Do remember that vaccines are for-profit products that generate billions in sales for the pharmaceutical companies that produce them and their beneficiaries. Please also be aware that the pharmaceutical industry has a long history of criminal fraud, and most companies producing vaccines have been hit with heavy punitive fines for malpractice - often repeatedly.
The biggest criminal fine of all time was awarded to Pfizer, producer of one of the most widely-used COVID-19 vaccines, regarding misuse and mispromotion of one of its products. This product was linked to thousands of heart attacks, strokes, blood clots, and deaths, before it was finally withdrawn from the market.
A Pfizer whistleblower said at the time, "At Pfizer I was expected to increase profits at all costs, even when sales meant endangering lives".
Most other pharmaceutical companies have similarly chequered histories, so it's vital to remember that these for-profit companies have well-established protocols for putting profits before people, and that they don't always tell the truth about their products. These companies are typically so wealthy, that many calculate it is more in their interests to continue retailing a dangerous but lucrative product, and then paying off any future fine, than it is investing in making their products safer.
It's worth reiterating here that pharmaceutical companies have no financial liability if their COVID-19 vaccines injure or kill, which further reduces their incentive to make them optimally safe.
Aren't I taking a risk by not getting vaccinated?
No decision in life is risk-free, but the evidence suggests that the protection provided by COVID-19 vaccination is not high (nor do these intervention prevent contraction or transmission), and that it wanes quickly - hence the requirement for so many 'boosters', each of which carries with it an additional risk. Millions of people in this country - approximately 20% of the population, according to government figures - are not vaccinated against COVID-19 at all. Early reports stating that most patients in ICUs were unvaccinated turned out to be false. Actually, most ICU patients are double-vaccinated.
Do bear in mind that COVID-19 is not a life-threatening or life-altering condition for most, and there are many other steps you can take to protect your health and minimise your chances of becoming seriously ill should you contract a coronavirus.
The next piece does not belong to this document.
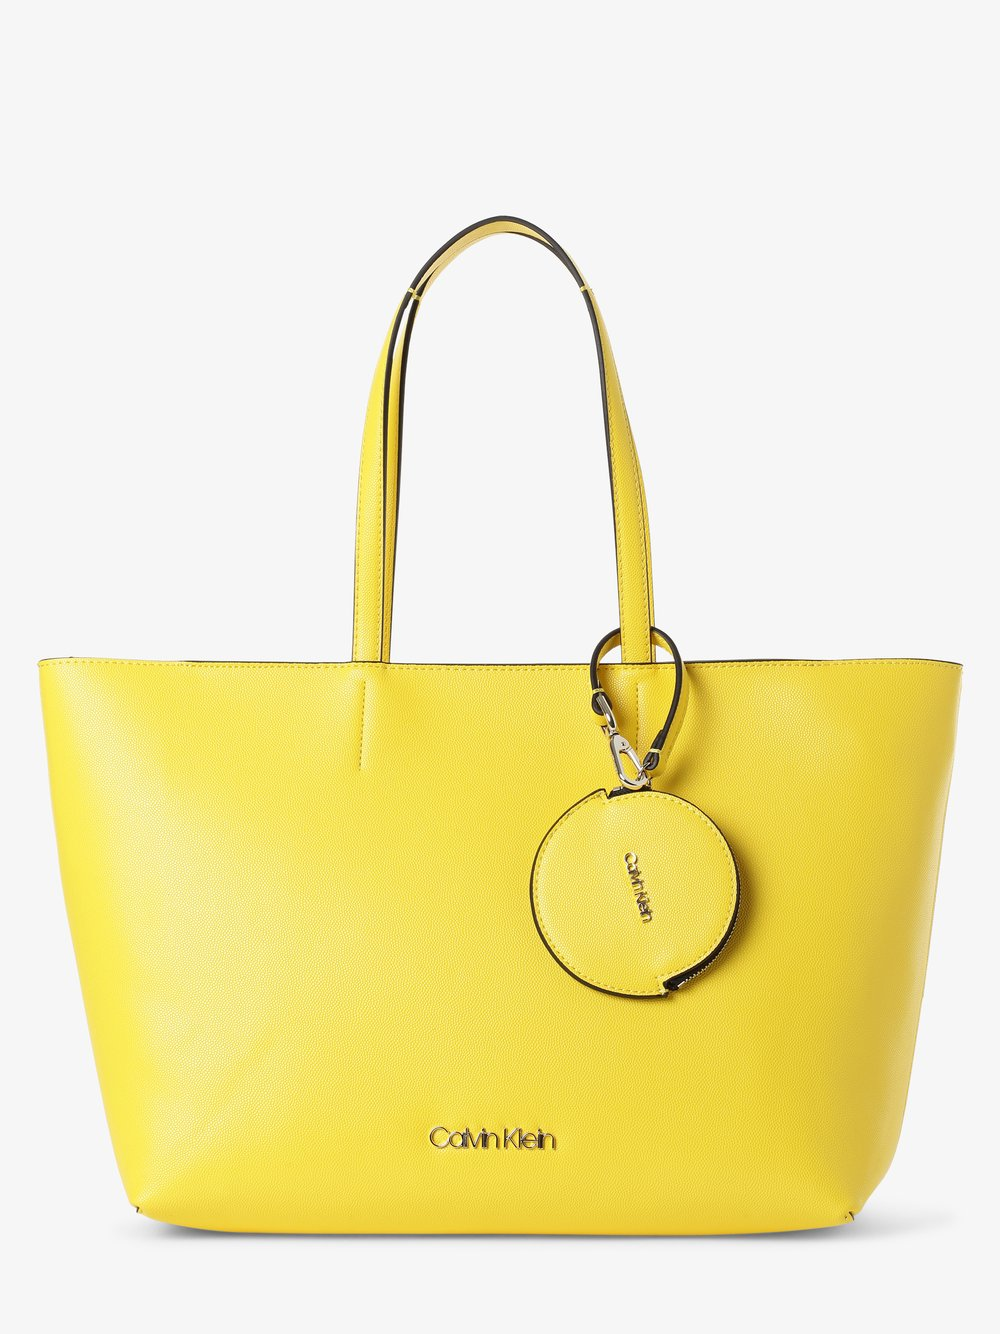 Calvin Klein - Damska torba shopper, żółty
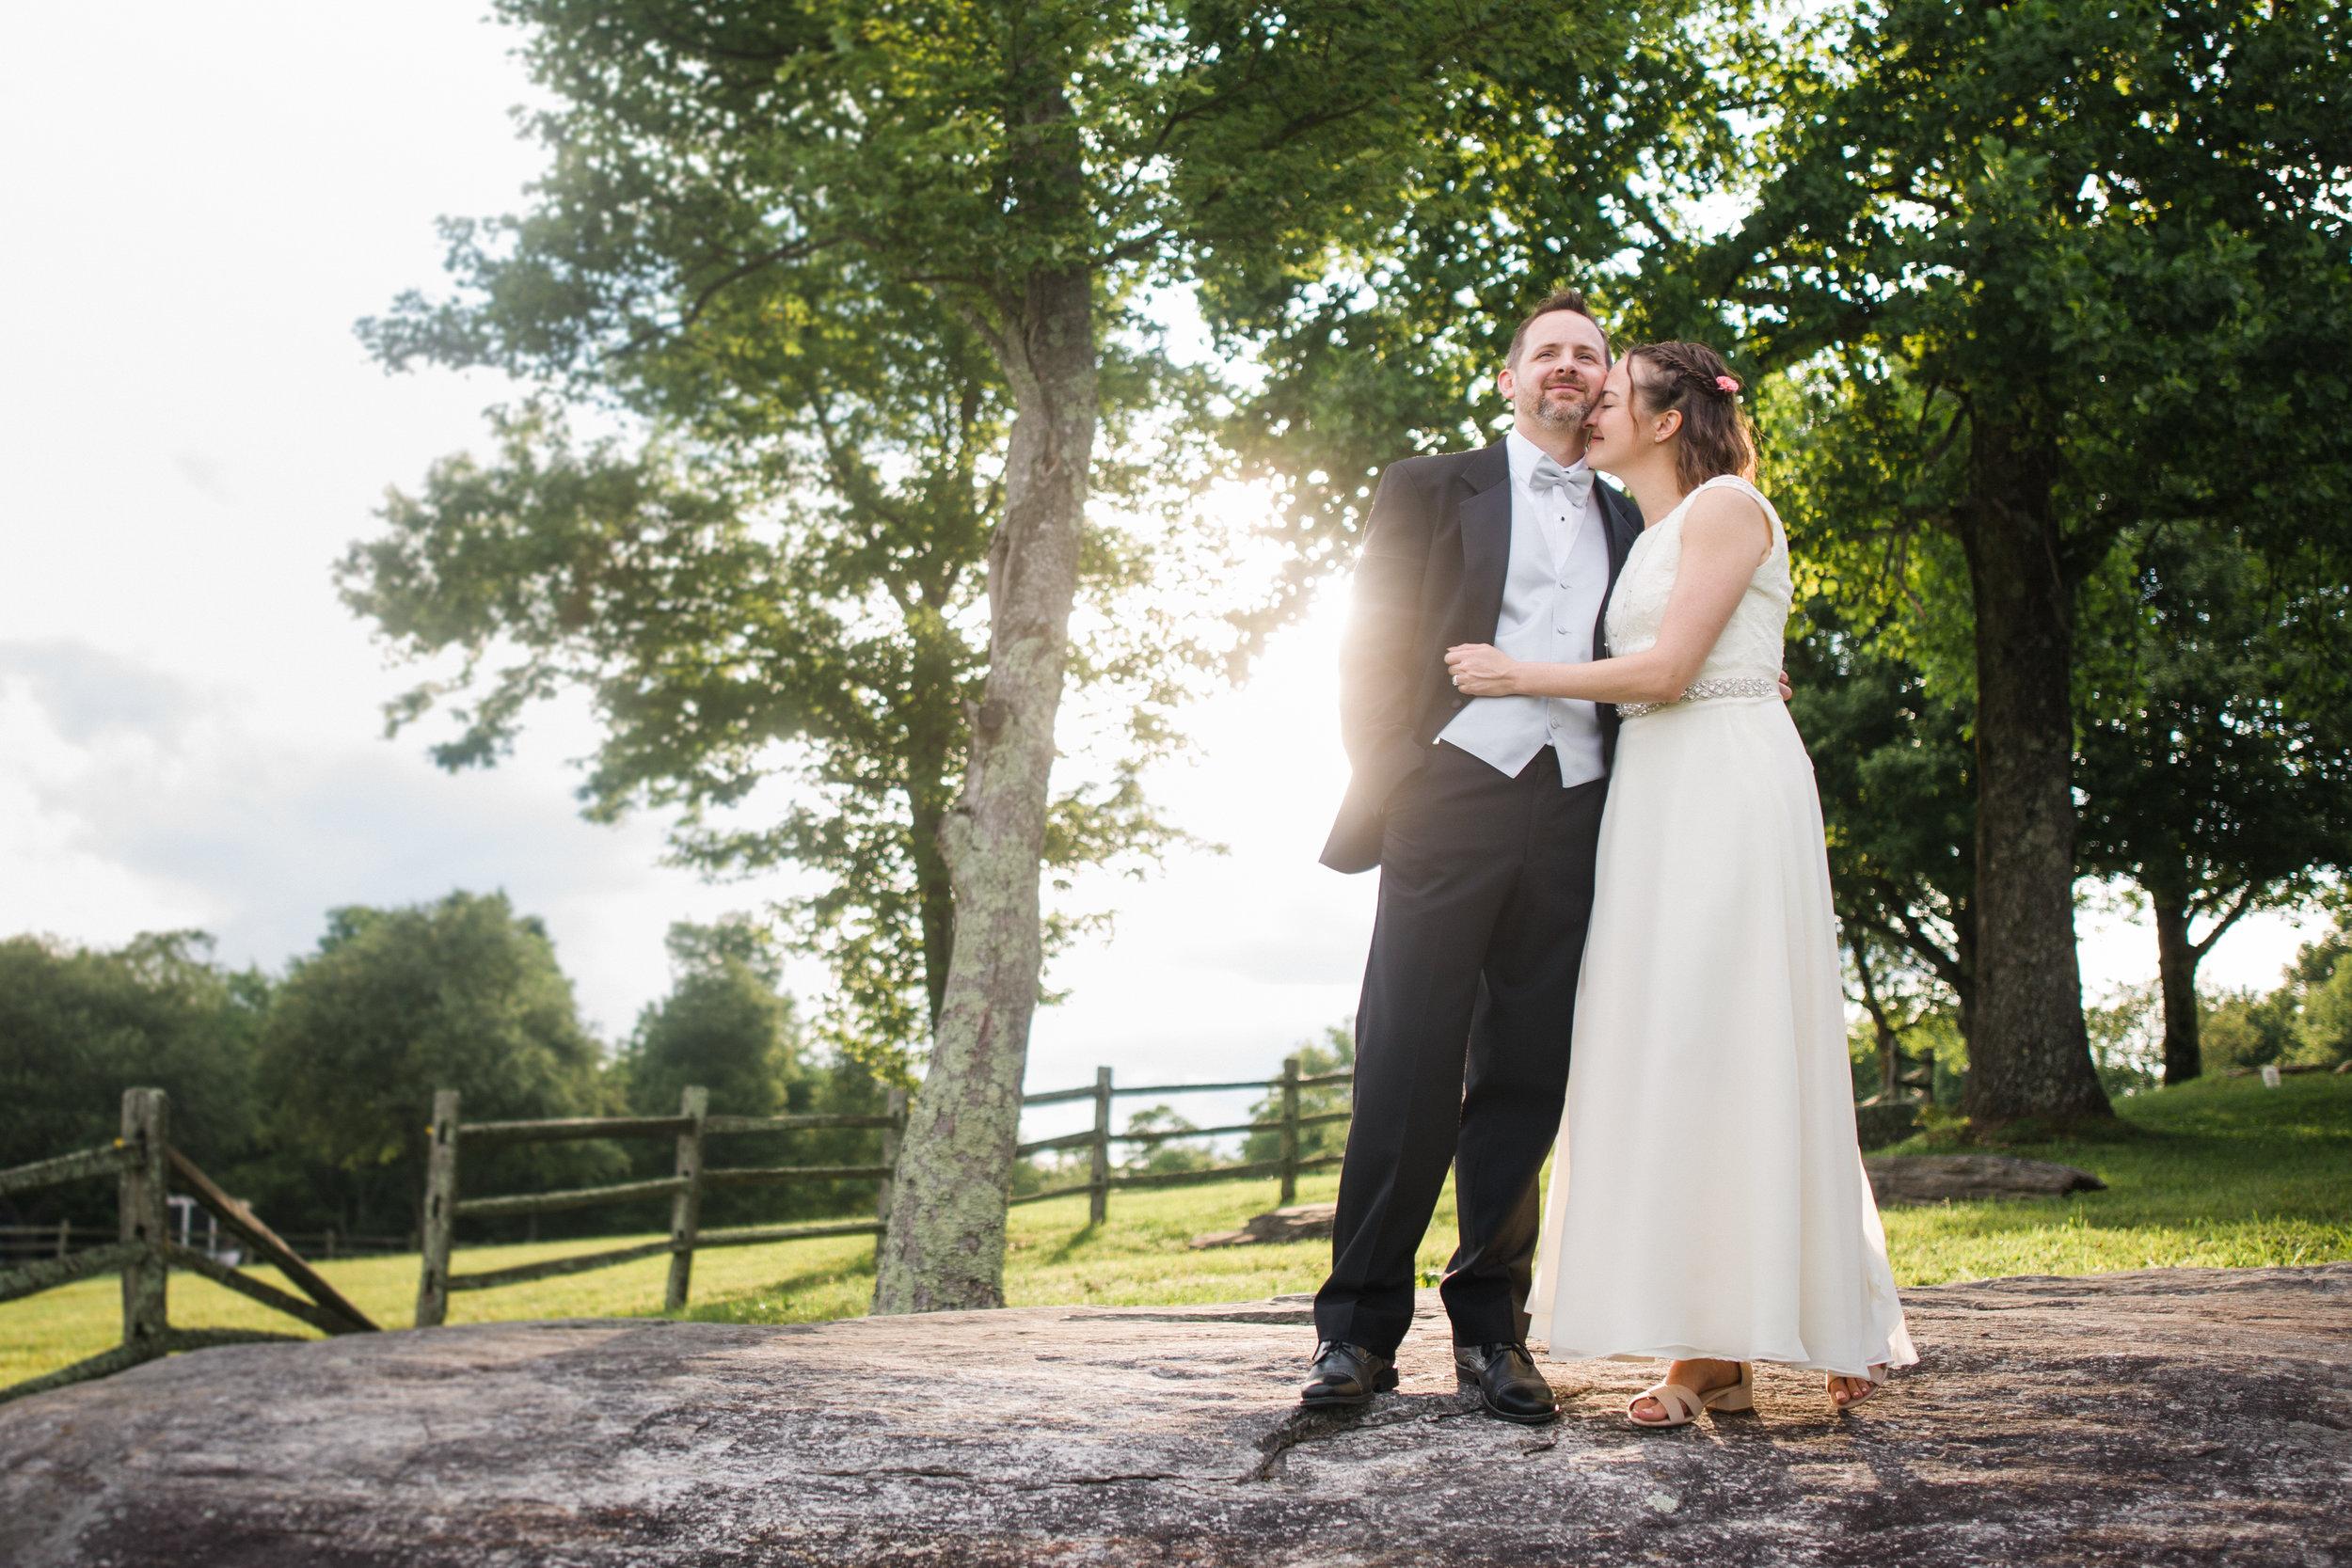 NC Wedding Photography by Zoe Litaker

Most of these protocols are significantly less risky than the COVID-19 vaccinations.
It is critical to keep in mind that, while your doctor, the media, your employer, and your family and friends may all put huge pressure on you to receive a COVID-19 vaccination (which is unethical in itself: no medical decision should ever be a result of coercion or duress), if something goes wrong, none of these people bear any responsibility for dealing with the consequences. Only you do.
There is no guarantee you will be compensated fairly if you are injured by a vaccine (and a maximum payment of £120,000 is comparatively small, especially if you are young and have many years of working life ahead of you).
So it's critical that before proceeding with this potentially life-altering decision, you consider all the facts, and make a free, knowledgeable, and fully informed choice.